## WORK TO COMPLETE
If a line in the listing includes the word "Sale", copy it out.

***

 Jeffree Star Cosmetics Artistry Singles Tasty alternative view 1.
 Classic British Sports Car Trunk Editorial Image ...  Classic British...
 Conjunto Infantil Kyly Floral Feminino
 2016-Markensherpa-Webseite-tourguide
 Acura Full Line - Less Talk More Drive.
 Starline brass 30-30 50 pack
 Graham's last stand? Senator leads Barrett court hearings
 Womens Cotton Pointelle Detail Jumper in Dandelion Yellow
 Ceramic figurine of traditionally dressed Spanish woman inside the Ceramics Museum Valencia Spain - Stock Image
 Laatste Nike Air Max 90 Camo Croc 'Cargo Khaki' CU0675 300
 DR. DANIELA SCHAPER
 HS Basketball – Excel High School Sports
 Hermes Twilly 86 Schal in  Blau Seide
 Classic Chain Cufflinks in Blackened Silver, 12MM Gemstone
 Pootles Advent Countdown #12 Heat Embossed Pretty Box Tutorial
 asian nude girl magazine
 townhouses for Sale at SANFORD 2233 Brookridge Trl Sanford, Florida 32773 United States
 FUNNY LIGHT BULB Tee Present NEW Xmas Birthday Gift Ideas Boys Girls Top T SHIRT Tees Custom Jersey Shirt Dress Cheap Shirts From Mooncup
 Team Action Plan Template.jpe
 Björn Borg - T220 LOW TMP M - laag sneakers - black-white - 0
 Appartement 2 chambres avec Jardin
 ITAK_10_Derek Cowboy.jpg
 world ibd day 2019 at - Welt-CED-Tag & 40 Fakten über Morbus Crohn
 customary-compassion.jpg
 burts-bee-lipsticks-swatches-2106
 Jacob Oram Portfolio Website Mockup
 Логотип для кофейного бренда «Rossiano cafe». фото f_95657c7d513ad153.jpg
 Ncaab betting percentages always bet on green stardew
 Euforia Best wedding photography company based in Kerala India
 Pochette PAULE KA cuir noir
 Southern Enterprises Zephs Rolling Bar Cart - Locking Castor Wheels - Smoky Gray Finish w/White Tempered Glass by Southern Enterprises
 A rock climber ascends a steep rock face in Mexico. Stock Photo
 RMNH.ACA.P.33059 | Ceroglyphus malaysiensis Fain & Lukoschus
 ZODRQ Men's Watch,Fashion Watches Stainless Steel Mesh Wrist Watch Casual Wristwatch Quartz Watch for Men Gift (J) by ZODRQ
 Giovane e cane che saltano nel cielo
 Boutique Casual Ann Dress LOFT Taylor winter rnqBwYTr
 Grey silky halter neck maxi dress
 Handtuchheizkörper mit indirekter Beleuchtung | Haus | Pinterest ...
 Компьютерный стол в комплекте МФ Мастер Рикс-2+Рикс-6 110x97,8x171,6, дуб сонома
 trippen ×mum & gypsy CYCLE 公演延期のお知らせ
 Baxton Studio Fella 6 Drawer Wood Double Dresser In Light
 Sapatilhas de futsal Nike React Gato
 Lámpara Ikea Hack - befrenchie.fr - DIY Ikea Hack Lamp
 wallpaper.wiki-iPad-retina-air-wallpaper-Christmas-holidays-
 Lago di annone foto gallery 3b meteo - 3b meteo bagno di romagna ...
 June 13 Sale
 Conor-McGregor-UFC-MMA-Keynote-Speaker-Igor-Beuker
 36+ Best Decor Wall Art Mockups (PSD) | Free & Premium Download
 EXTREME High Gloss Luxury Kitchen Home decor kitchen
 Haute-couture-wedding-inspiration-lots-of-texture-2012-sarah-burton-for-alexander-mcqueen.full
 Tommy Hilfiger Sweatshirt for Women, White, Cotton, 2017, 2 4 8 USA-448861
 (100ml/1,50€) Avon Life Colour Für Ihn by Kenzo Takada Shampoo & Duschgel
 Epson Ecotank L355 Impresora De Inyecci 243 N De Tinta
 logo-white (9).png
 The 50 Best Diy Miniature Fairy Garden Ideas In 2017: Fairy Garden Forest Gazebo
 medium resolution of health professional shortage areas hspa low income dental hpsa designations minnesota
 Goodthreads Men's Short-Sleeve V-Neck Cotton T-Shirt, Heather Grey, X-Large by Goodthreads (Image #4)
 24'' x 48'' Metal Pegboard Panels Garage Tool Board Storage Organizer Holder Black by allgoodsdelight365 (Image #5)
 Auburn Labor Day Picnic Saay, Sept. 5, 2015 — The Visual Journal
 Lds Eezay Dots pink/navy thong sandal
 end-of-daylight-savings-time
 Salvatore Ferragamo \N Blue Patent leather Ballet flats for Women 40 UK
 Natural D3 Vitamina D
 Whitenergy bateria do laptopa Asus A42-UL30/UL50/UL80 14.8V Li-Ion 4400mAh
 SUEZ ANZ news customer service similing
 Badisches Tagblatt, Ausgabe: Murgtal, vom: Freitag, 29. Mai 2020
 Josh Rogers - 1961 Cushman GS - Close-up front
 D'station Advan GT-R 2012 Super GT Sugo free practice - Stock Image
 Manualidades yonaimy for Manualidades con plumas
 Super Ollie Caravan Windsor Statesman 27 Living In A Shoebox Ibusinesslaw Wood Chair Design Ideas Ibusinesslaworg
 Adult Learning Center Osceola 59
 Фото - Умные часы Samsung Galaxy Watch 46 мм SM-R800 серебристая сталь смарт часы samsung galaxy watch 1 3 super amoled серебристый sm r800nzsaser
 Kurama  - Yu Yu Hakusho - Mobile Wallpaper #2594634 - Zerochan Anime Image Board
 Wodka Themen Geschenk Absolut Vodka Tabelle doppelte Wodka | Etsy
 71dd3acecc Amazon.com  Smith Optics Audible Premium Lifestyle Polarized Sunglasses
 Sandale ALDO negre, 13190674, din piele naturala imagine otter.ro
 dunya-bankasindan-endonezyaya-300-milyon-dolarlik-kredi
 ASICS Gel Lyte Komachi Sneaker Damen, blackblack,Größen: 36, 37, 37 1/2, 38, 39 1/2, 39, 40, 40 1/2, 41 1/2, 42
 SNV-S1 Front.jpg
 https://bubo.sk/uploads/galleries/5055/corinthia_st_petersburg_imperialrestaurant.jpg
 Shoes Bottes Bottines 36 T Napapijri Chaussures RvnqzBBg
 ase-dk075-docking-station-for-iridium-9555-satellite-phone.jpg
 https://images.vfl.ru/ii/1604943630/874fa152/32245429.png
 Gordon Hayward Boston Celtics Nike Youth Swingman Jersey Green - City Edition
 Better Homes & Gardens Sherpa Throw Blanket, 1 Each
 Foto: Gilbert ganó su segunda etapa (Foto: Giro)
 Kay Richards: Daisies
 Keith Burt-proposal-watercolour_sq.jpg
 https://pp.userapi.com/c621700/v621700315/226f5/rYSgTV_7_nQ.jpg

***

## ANSWER TO THE PROBLEM
 townhouses for Sale at SANFORD 2233 Brookridge Trl Sanford, Florida 32773 United States
 June 13 Sale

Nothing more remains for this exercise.